The process of building a data product is an explicitly technical task, distinct from the mere activity of programming per se, or even developing a software product. Unlike an abstract computer program, a data product is implemented across real-world data infrastructure (comprising physical hardware such as servers for processing, storing and communicating data), and makes use of said infrastructure to transform and process the source data in a quantitative (rather than qualitative or cognitive) manner. Moreover, in several embodiments the source/ingested/input data used in the data product may itself comprise functional and/or technical data, including but not limited to sensor data, data from a control process (e.g., industrial control/SCADA), scientific data, or the like, further adding to the technical character of the data product and its build/deployment processes.
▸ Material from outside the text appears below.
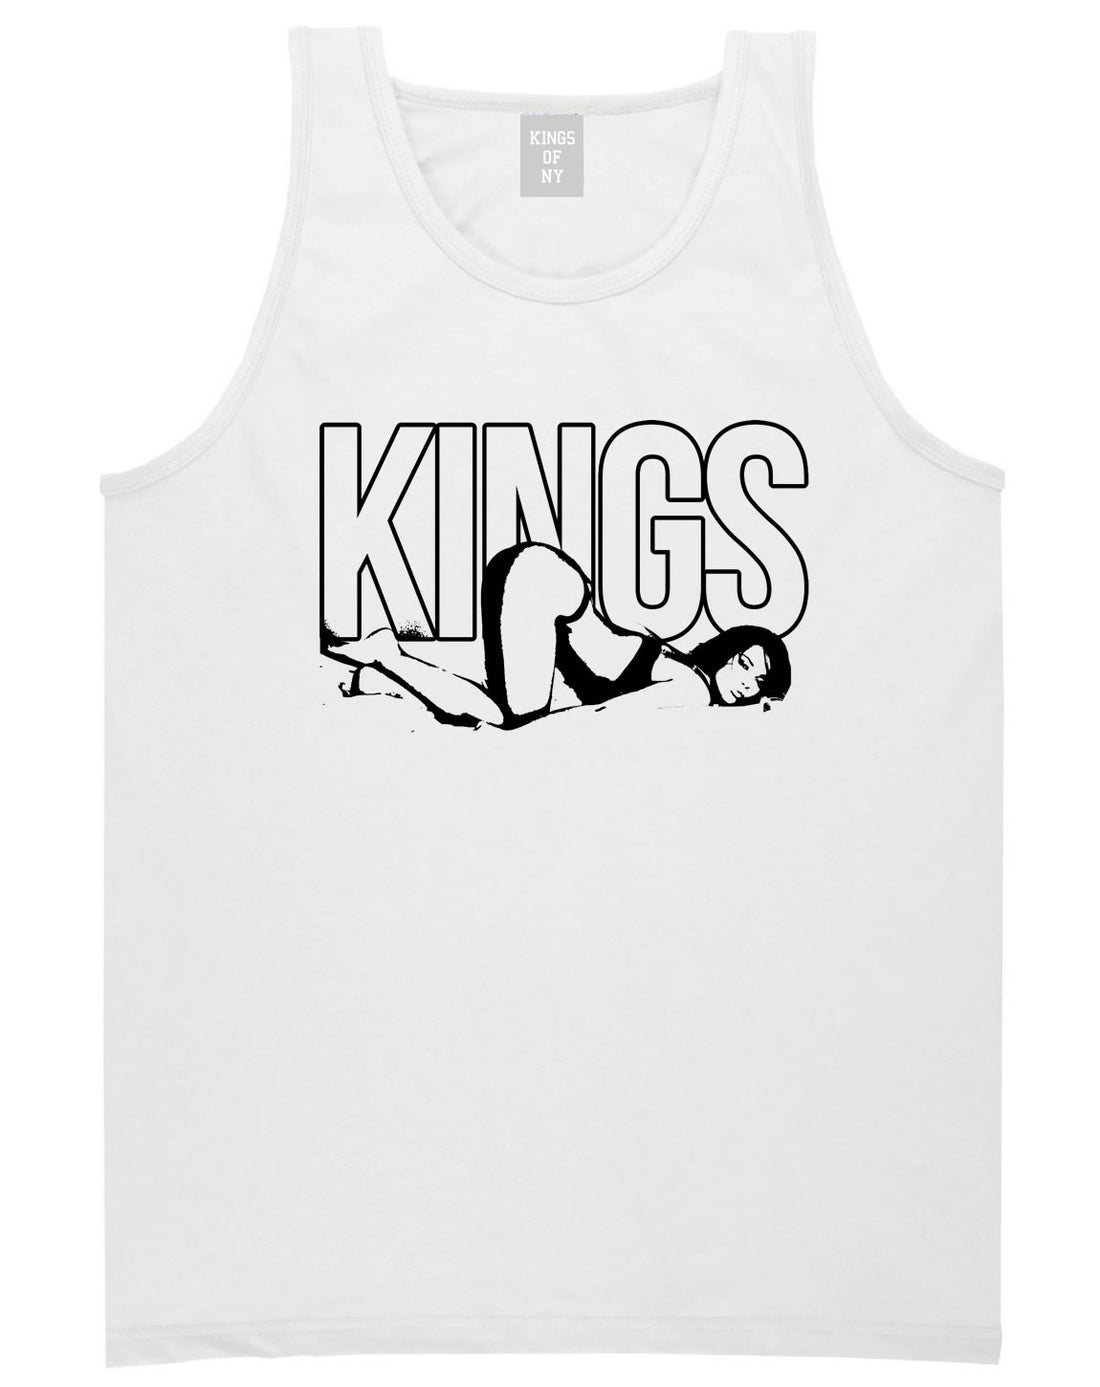 Kings Girl Streetwear Tank Top in White by Kings Of NY

Likewise, in several embodiments the data product may be configured to impose functional and/or technical constraints on data provided to data consumers in view of the nature of these consumers, who may for instance include consumers with technical limitations (size/memory constraints, etc.), control processes, or the like, further adding to the technical character of the data product and its build/deployment processes.

A data product may be a “standalone” data product (also referred to as a “simple” or “foundational” data product), such as data productillustrated in. A standalone data product may be self-contained, delivering a specific data-related output to meet one or more data consumer requirements. The input to a standalone data product may be external data (in files, a relational database, behind an API, or any number of other data sources) which is ingested/loaded, curated, or transformed in some way, and then made available for downstream data consumers. Typically, when considering foundational data products, the downstream data consumer may be an analytical data consumer producing e.g., business intelligence reports/dashboards, or may be a data scientist.
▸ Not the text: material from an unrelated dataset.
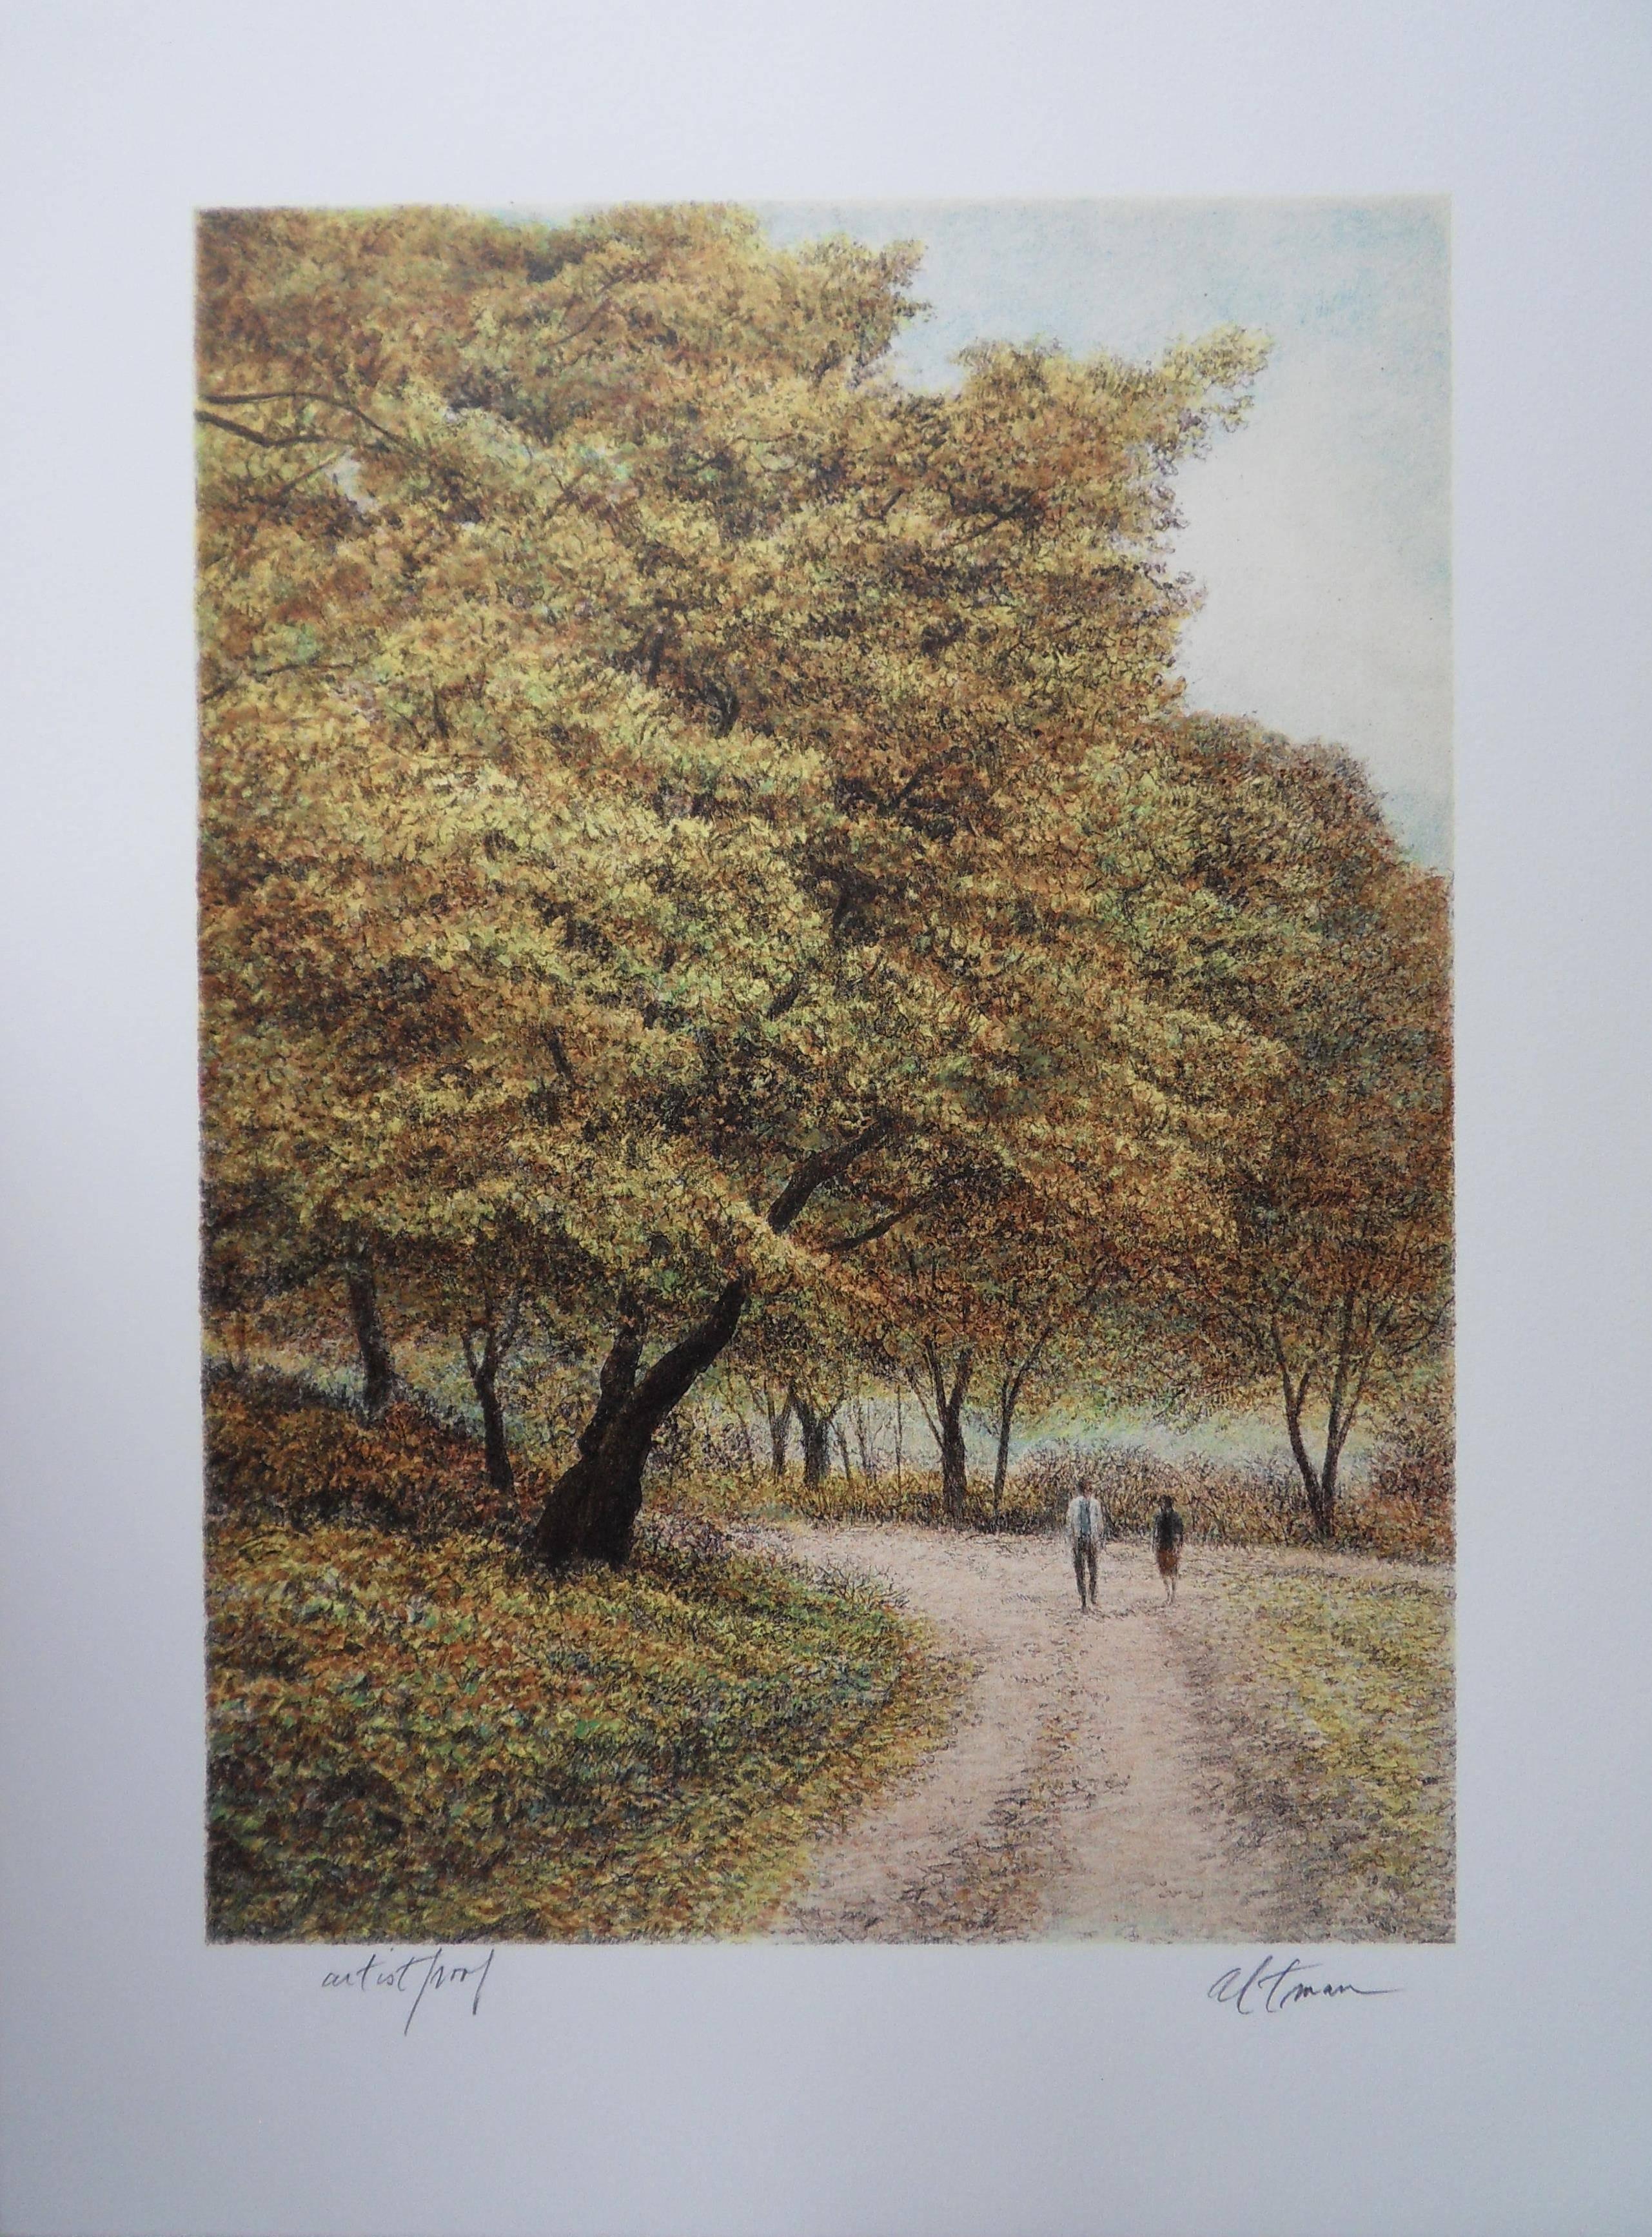 Harold Altman Figurative Print - Central Park Views : Fall - Original handsigned lithograph

Alternatively, a data product may be a “composite” data product. A composite data product is a data product which is assembled from multiple other data products. The output of an “upstream” data product can be used as one of the inputs to a “downstream” data product. Composite data products may integrate diverse datasets, formats, or levels of detail to provide a unified and enriched output. This advantageously allows enterprise-level queries to be answered by enabling cross-functional, cross-domain collaboration while ensuring data governance. For example, sales data from a first data product, customer data from a second data product and marketing data from a third data product may be joined using a composite data product to provide a 360-degree customer view.
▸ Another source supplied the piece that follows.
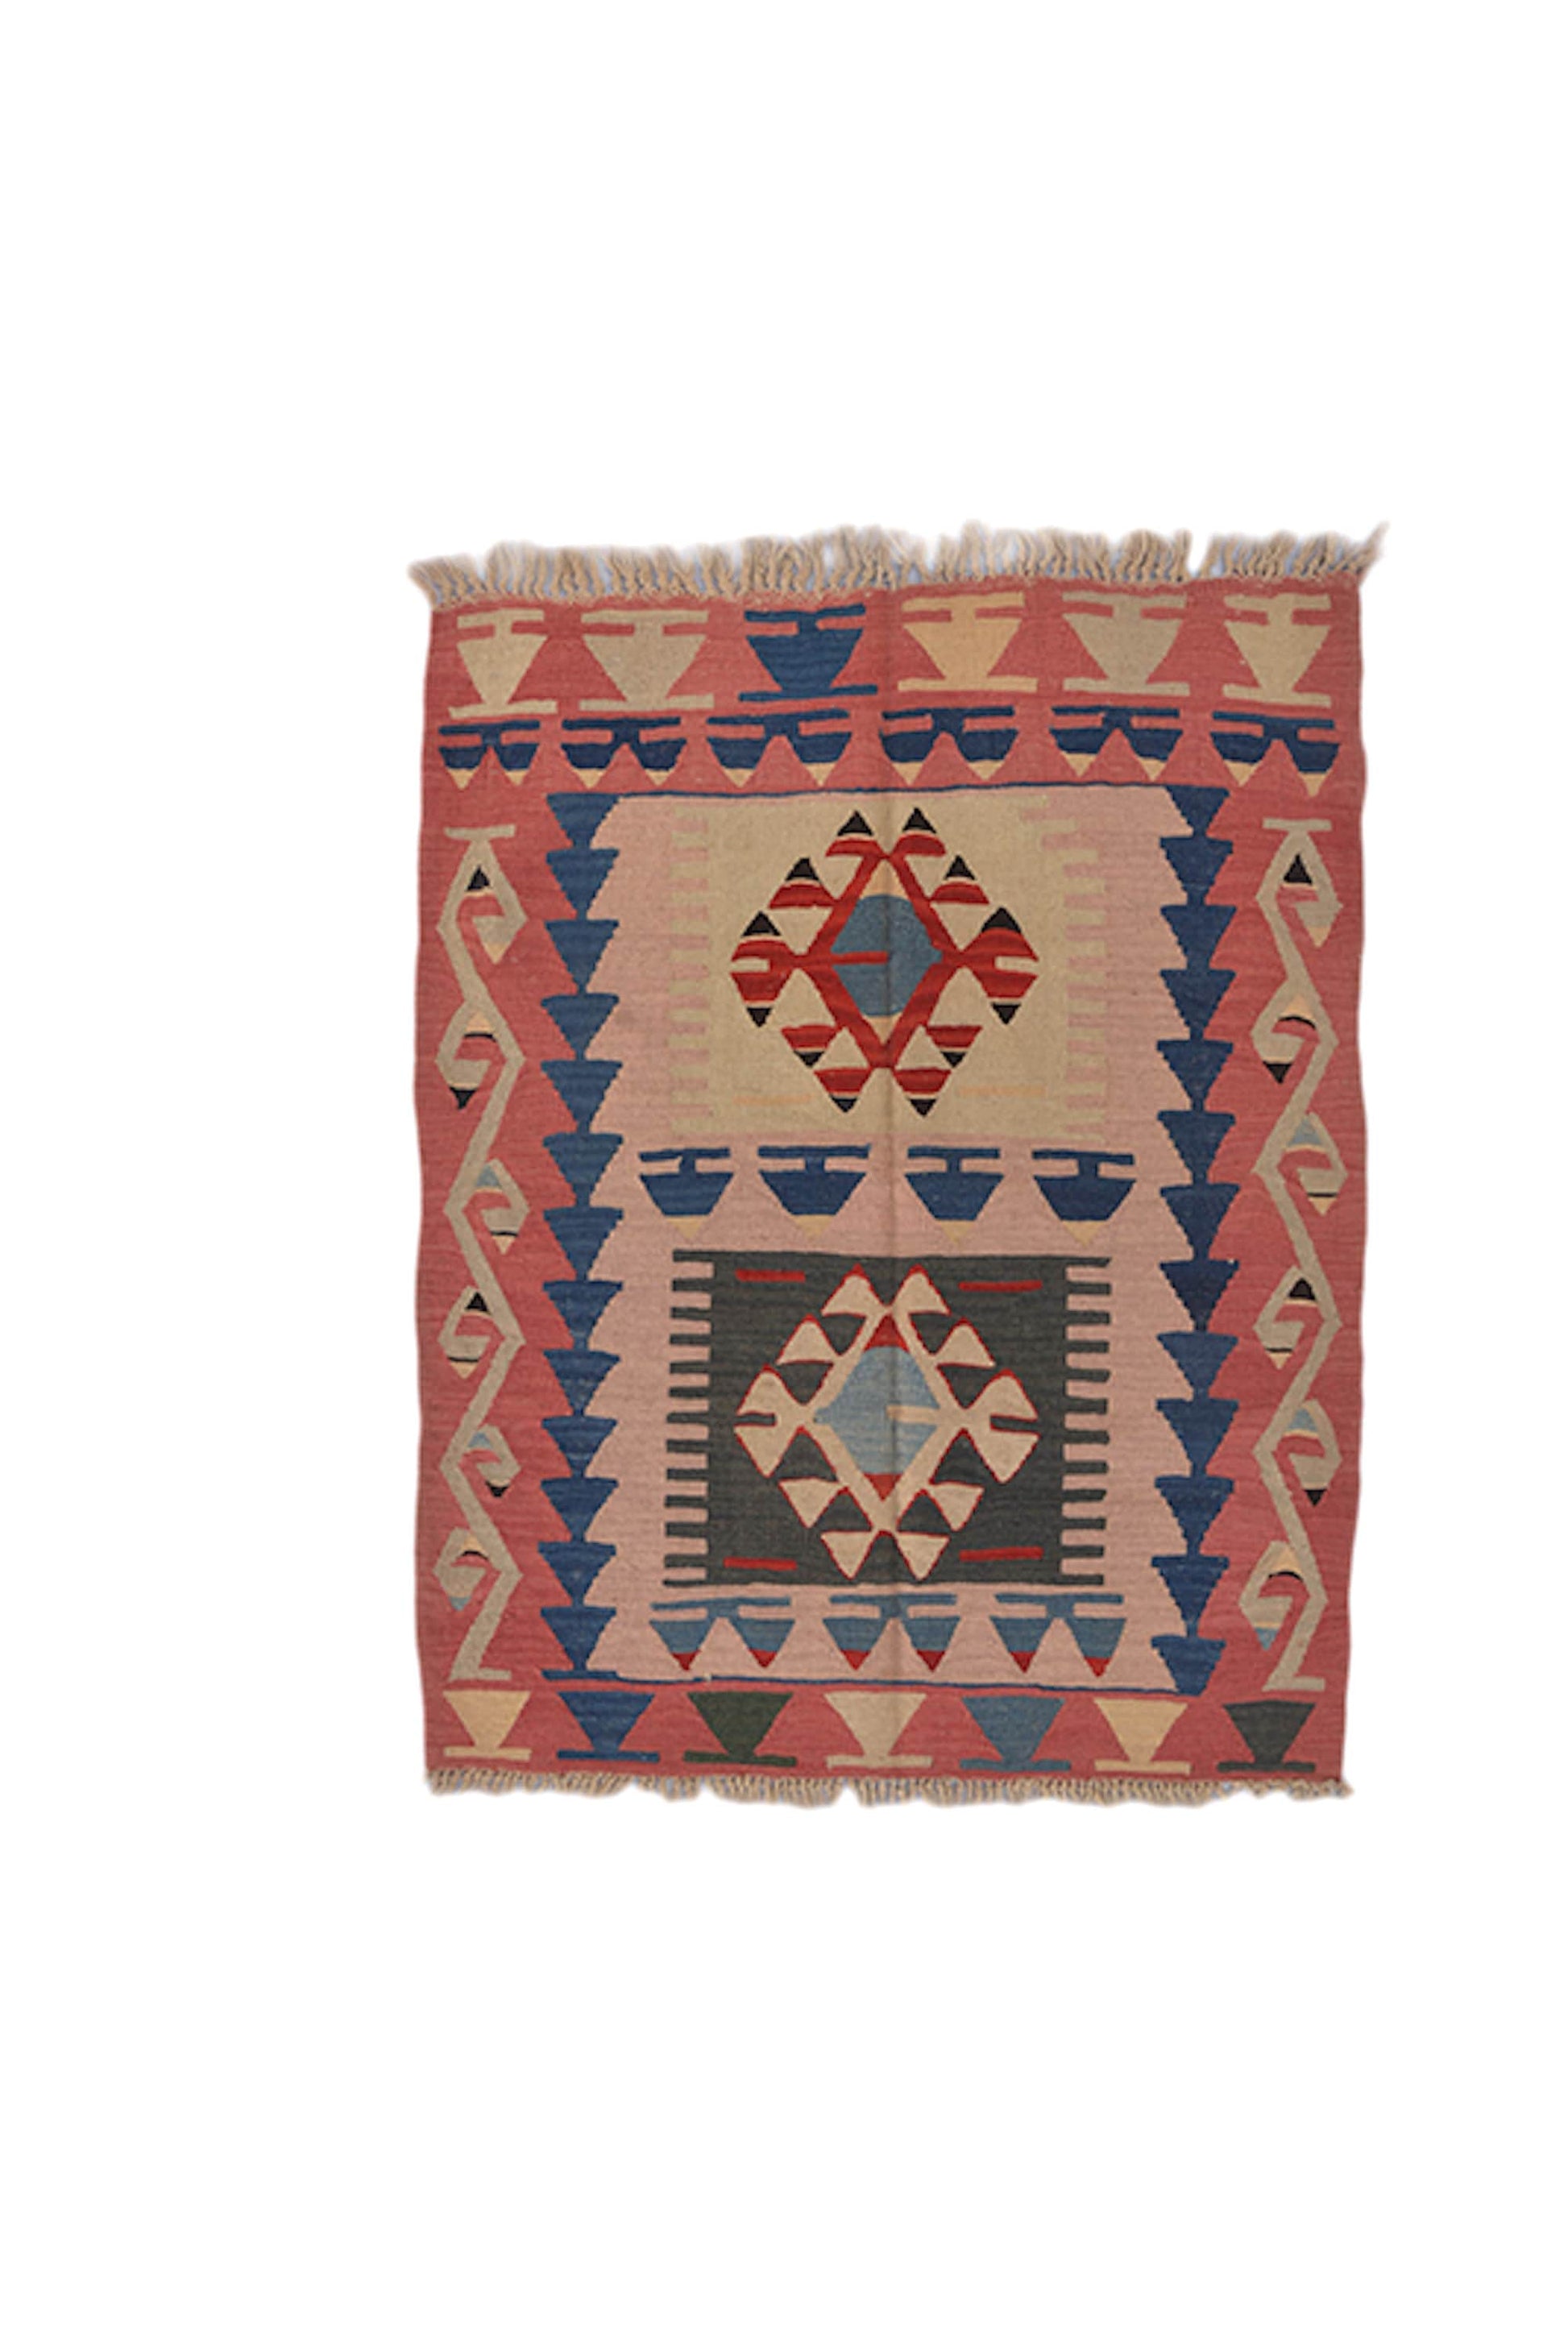 4 x 7 Colorful Kilim Ethnic Rug | Pink Hand Woven Area Rug | Flatweave tribal Bohemian style rug | Wool Traditional Vintage

A data product definition, also known as a data product specification, may comprise a file, a collection of files, a database, an in-memory data structure, or the like, outlining the data product's characteristics, functionality, and requirements. The data product definition may be delivered from an API endpoint and/or from a data product registry. The data product definition is preferably a comprehensive document that provides clear instructions and guidelines for building and implementing the data product. The data product definition may include all of the properties necessary to build the data product, for example including (but not limited to) a data product name, a data product description, a data product version, input ports for the data product, output ports for the data product, SLIs and SLOs, and so forth. The data product definition may optionally include rules specifying when and/or how particular jobs or pipelines should be triggered.